Chronic kidney disease (CKD) has been considered an independent risk factor for post-CT acute kidney injury, though available data remain limited.
Researchers conducted a retrospective study to compare the incidence of acute kidney injury (AKI) after intravenous contrast exposure in individuals with and without CKD.
They assessed individuals who visited the Emergency Department and underwent stroke protocol activation, which included an immediate computed tomography (CT) angiogram. Participants were categorized into 3 groups: “normal to mild” (glomerular filtration rate [GFR] > 60 mL/min/1.73 m2), CKD stage III (GFR 30–60 mL/min/1.73 m2), and CKD stage IV (GFR < 30 mL/min/1.73 m2). The primary outcome measured was the occurrence of AKI. Individuals receiving dialysis were excluded from the study.

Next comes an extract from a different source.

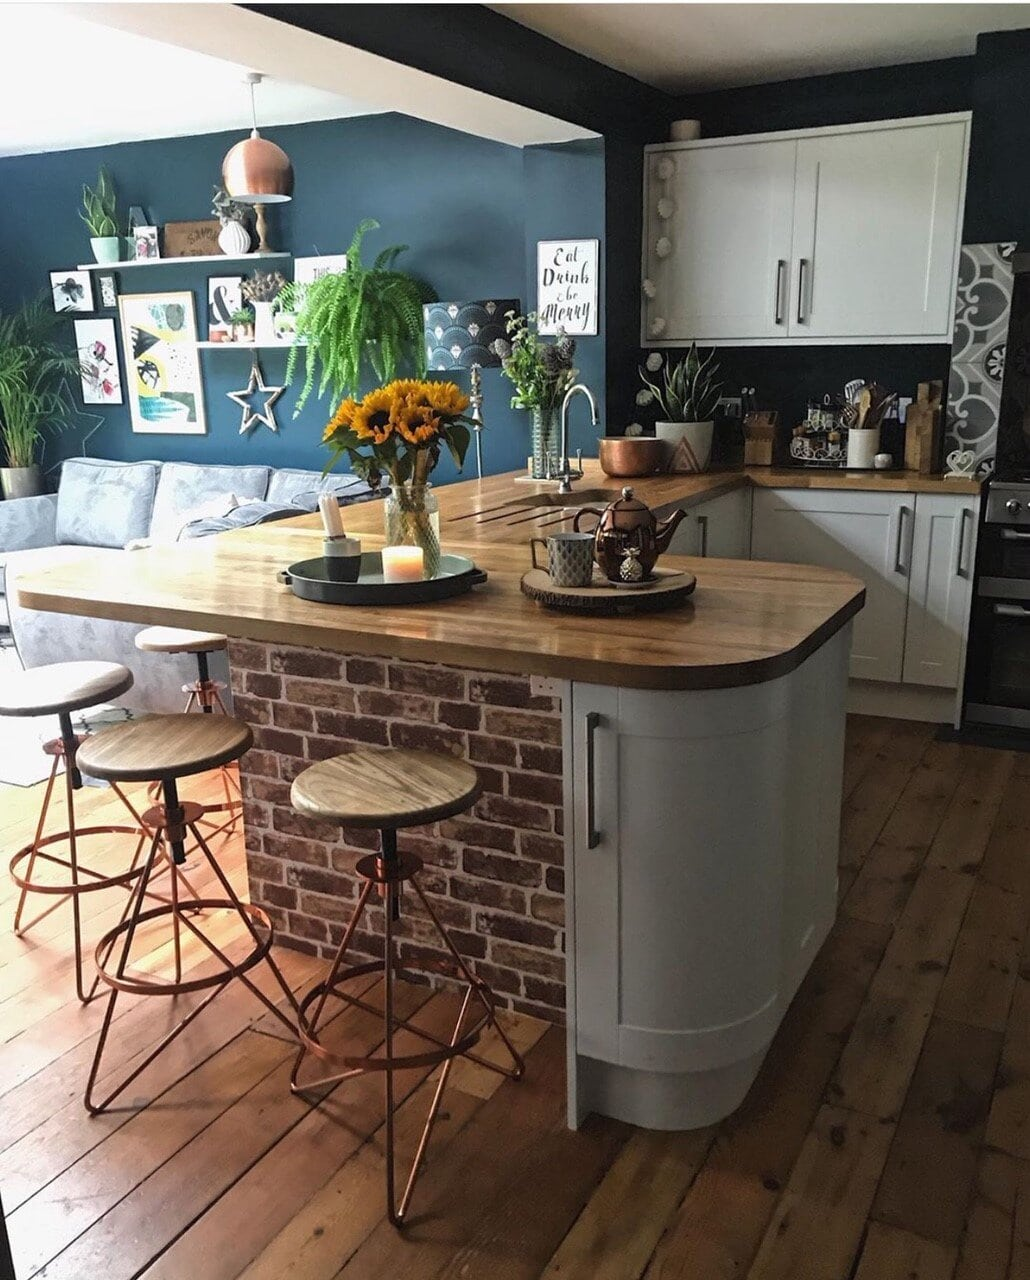 interior design, instagram, instagram trends, home decor, social media, blogging, instagram advice, blogging advice, pinterest, kitchen, sunflowers

The results showed that among 794 individuals, 452 (56.9%) were categorized as “normal to mild” (GFR > 60 mL/min/1.73 m2), 280 (35.3%) as CKD stage III (GFR 30–60 mL/min/1.73 m2), and 62 (7.8%) as CKD stage IV (GFR < 30 mL/min/1.73 m2), AKI occurred in 2.4% of those with normal GFR, 1.4% with CKD III, and 8.1% with CKD IV, with an overall incidence of 2.5%. Compared to the “normal” group, CKD III had an odds ratio (OR) of 0.58 (95% confidence interval [CI] 0.16–1.72), while CKD IV had an OR of 3.52 (95% CI 1.07–10.05). All individuals with CKD IV who developed AKI showed creatinine improvement before discharge, and none required renal replacement therapy.
Investigators concluded that the risk of post-CT AKI in patients with CKD III was comparable to those with normal renal function and that patients with CKD IV experienced a lower, transient risk than previously believed, without requiring renal replacement therapy.